Zero-copy BPF buffer implementation
-----------------------------------

Reduce the number of system calls, copies, and even context switches in BPF
by adding shared memory buffers between userspace and the kernel.  Processes
select zero-copy buffer mode, "donate" two buffers to the kernel, which are
used in place of the two kernel memory buffers in BPF.  The process uses a
shared memory interface to check for new data and acknowledge buffers, but
can also use an ioctl to force early rotation of a buffer before it is full
(timeout), and select()/poll()/kevent() to wait for a buffer to fill.  This
API allows the number of system calls used to access BPF data to go to zero
as the load increases.

This implementation was created by Robert N. M. Watson under contract to
Seccuris Inc., in collaboration with Christian S. J. Peron of Seccuris Inc,
and has been released under a two-clause BSD license.

Building
--------

Untar the tarball and drop the new src/ files into your src/ tree; this
should consist of two new .c files and two new .h files in src/sys/net/.

Apply the patch, which should modify a number of files in the kernel,
especially src/sys/net and src/sys/conf, as well as in contrib/libpcap in
order to teach the pcap library how to use zero-copy buffers.

Build a fresh kernel and install it; build and install a fresh libpcap.

A new sysctl will be present, net.bpf.zerocopy_enable -- when it is set to 1
all new BPF sessions created by libpcap will use zero-copy support.  If set
to 0, new sessions will use buffered reads.  The BPF_ZEROCOPY kernel option
and  BPF_ZERO_COPY/BPF_ZEROCOPY environmental variables used in earlier
prototypes have now been removed in favour of this run-time configuration
model.

Notes
-----

You can learn more about this implementation by looking at the slides from
BSDCan 2007:

  http://www.watson.org/~robert/freebsd/2007bsdcan/20070517-devsummit-zerocopybpf.pdf

src/libpcap/pcap-bpf.c has a relative include that needs to be changed to an
absolute include before it can be committed.

The necessary autoconf/automake work has not yet been done to submit these
patches back to tcpdump.org.

If doing an incremental rebuild of libpcap, make sure to "make clean" before
"make" and "make install", as the dependencies appear not always to pick up
changes in the size of pcap_t, which can cause libpcap to become confused.

Issues
------

The zero-copy buffer implementation follows the same held/store/free buffer
model as with buffered reads.  We currently assign ownership of a buffer to
userspace using the user/kernel generation number scheme only for buffers in
the store position.  As the user acknowledgement to the kernel is
asynchronous (via a memory write rather than a system call), it's possible to
get into a state where the a rotation won't occur until another packet is
delivered to BPF, even if the buffer in the store spot is full.  This means
that the user process may wait undefinitely for the store buffer to be move
to the hold position and get assigned to userspace, if no new packets arrive.
This should probably be fixed by allowing a full buffer in the store spot to
be assigned to userspace, allowing the buffer to be fully read without
waiting for a new packet to arrive in order to trigger the state machine.

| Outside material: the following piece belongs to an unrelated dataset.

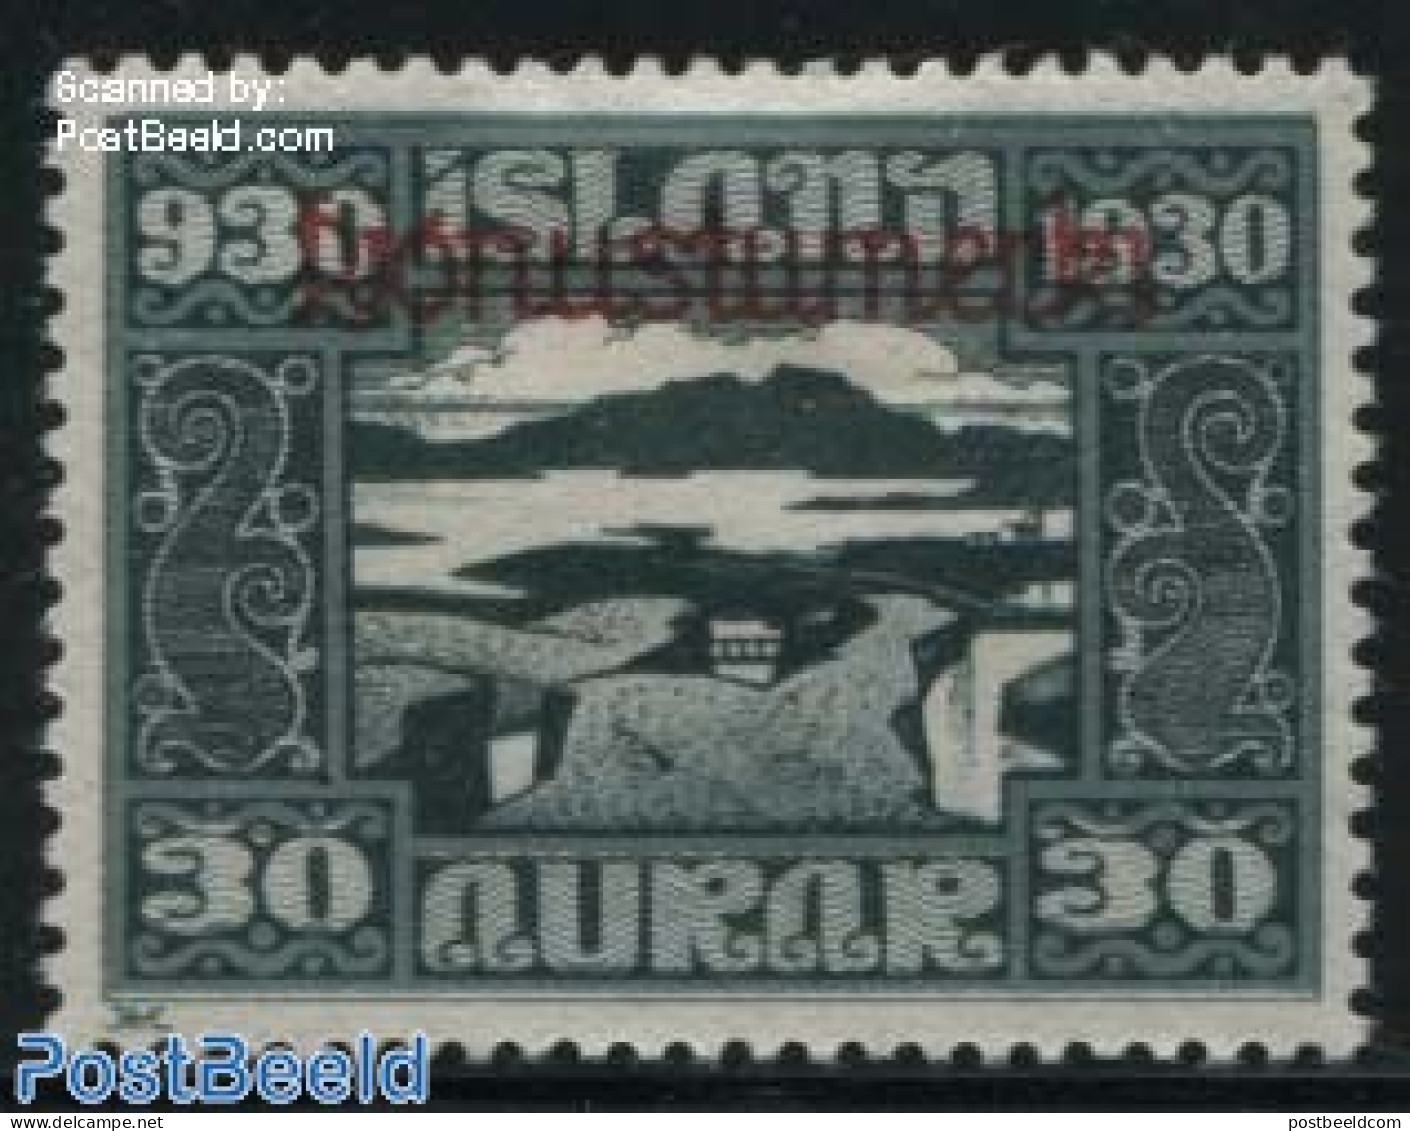 Iceland 1930 30A, Stamp Out Of Set, Unused (hinged) - Nuovi

This can be worked around in userspace by performing a rotate ioctl to cause
the recently acknowledge buffer to be moved into the free position (etc)
before sleeping waiting for new data (libpcap currently doesn't do this), but
this problem should be fixed properly by modifying the buffer model.  This is
slightly undesirable as it offers different buffer semantics than with
buffered reads, and will require the BPF code to know that sometimes it isn't
allow to write packet data to the store buffer even if there is room (as a
larger previous packet may have caused ownership to be assigned to userspace,
meaning that the kernel can no longer write to the buffer).